→ PROBLEM REQUIREMENTS: What is needed is a word-for-word transcript of the listing, free of pictures.

→ INFORMATION SUPPLIED:
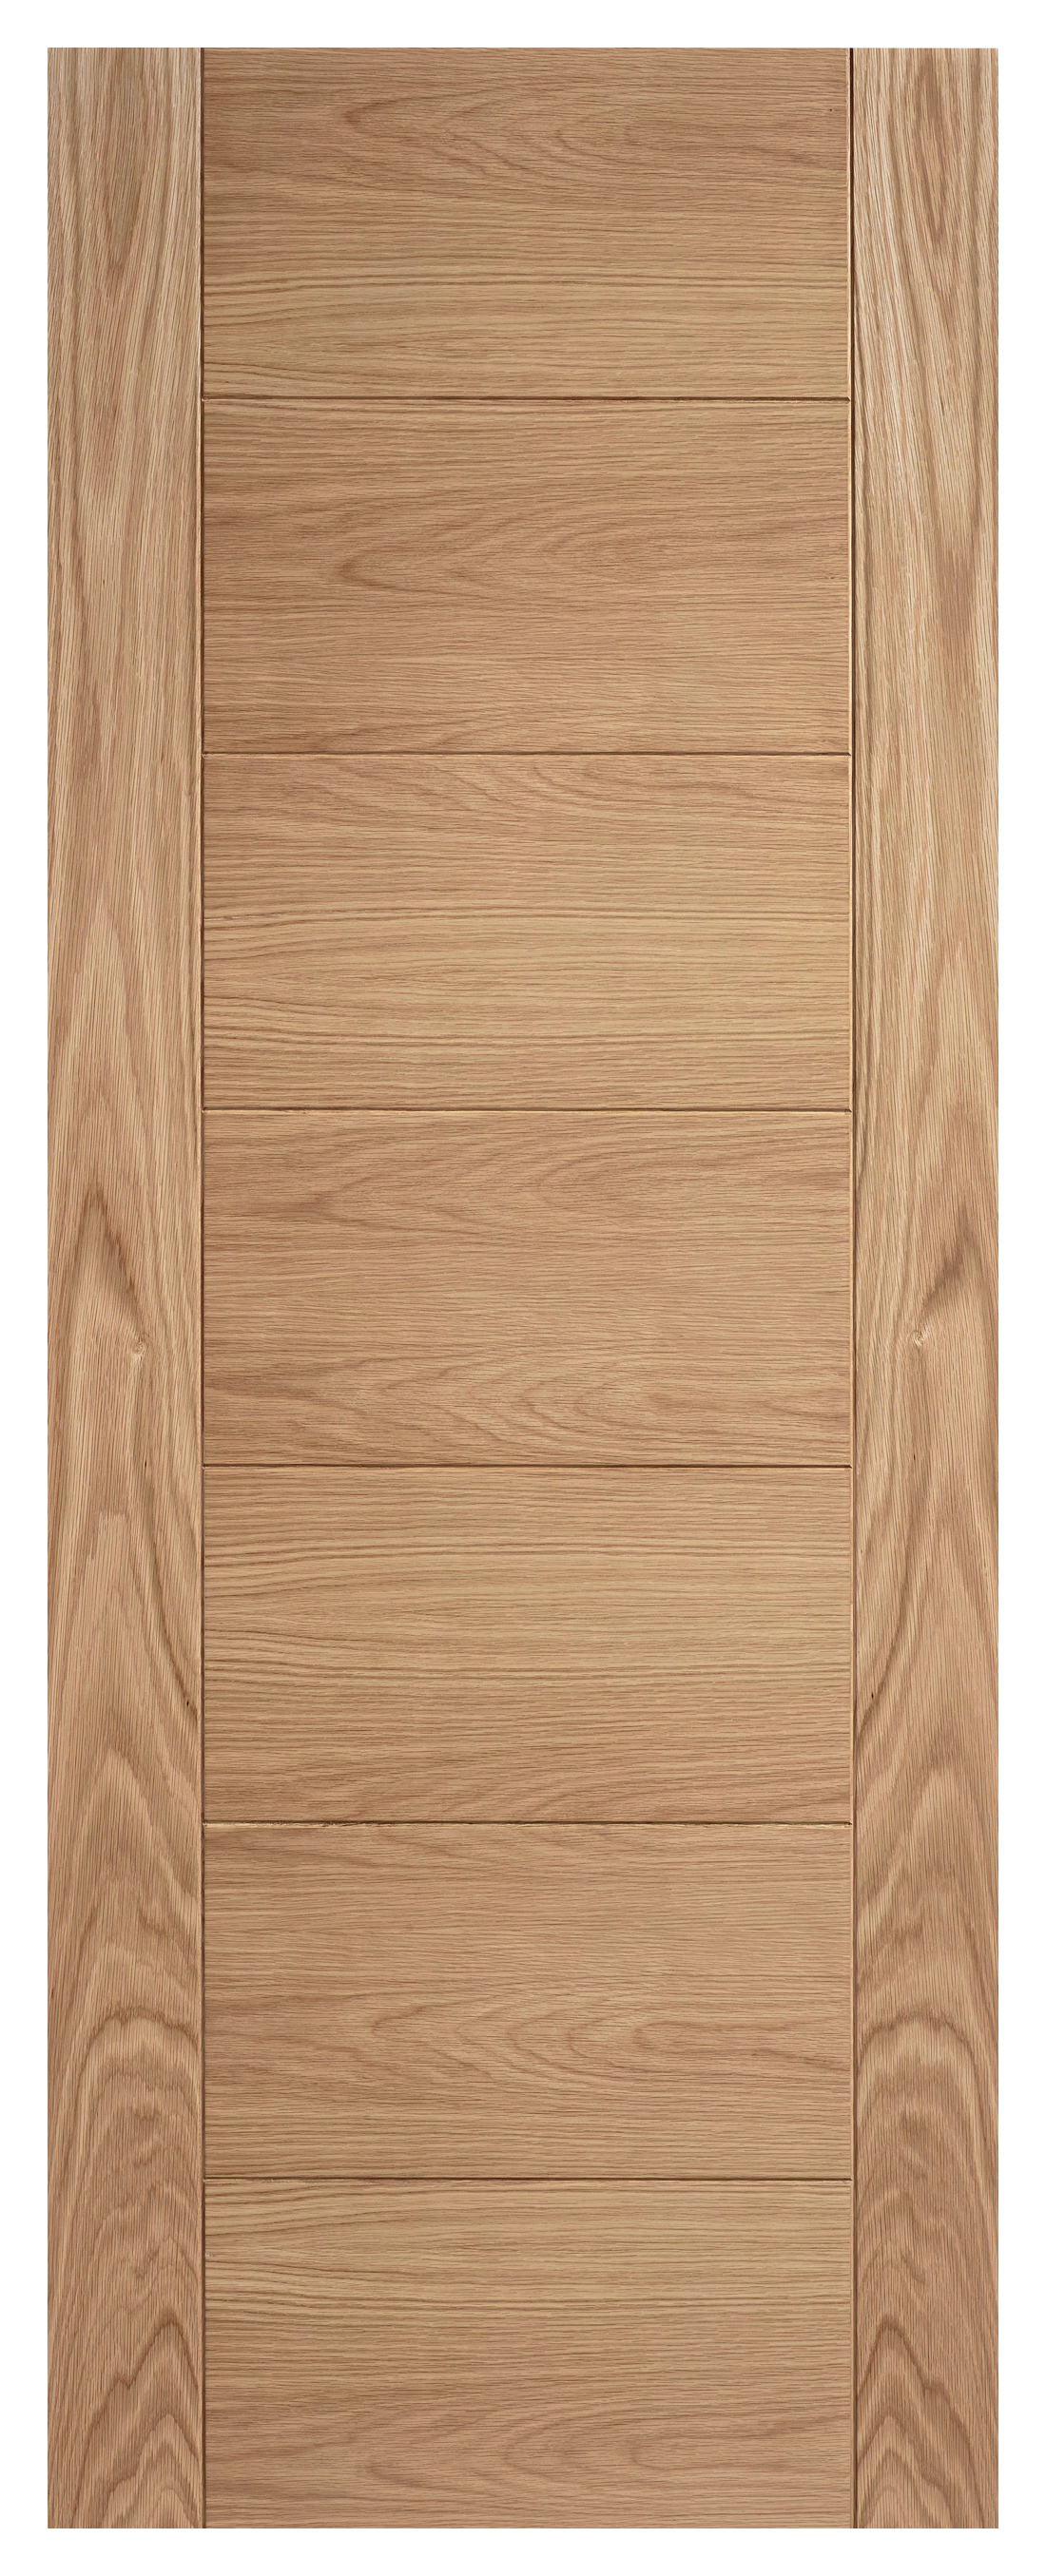 LPD Internal Carini 7 Panel Pre-Finished Oak Door - 2040mm
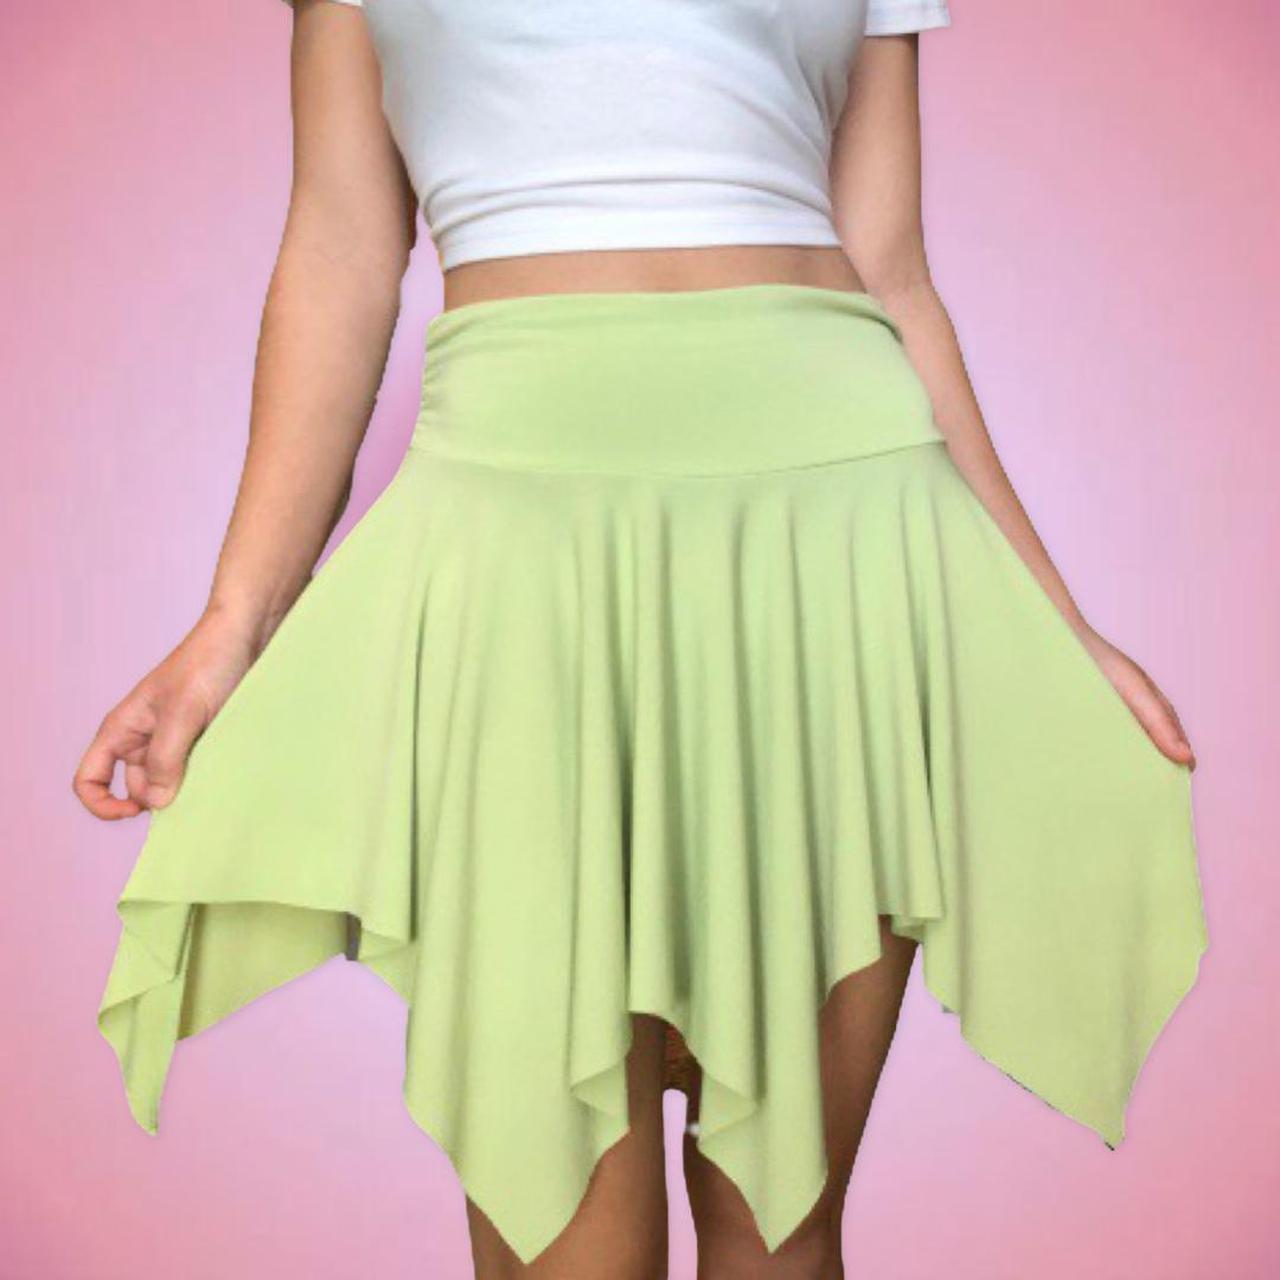 Product Image 3 - fairy skirt

adorable vintage 90s fairycore/cottagecore

→ EXERCISE RESPONSE:
 LPD Internal Carini 7 Panel Pre-Finished Oak Door - 2040mm
 Product Image 3 - fairy skirt

adorable vintage 90s fairycore/cottagecore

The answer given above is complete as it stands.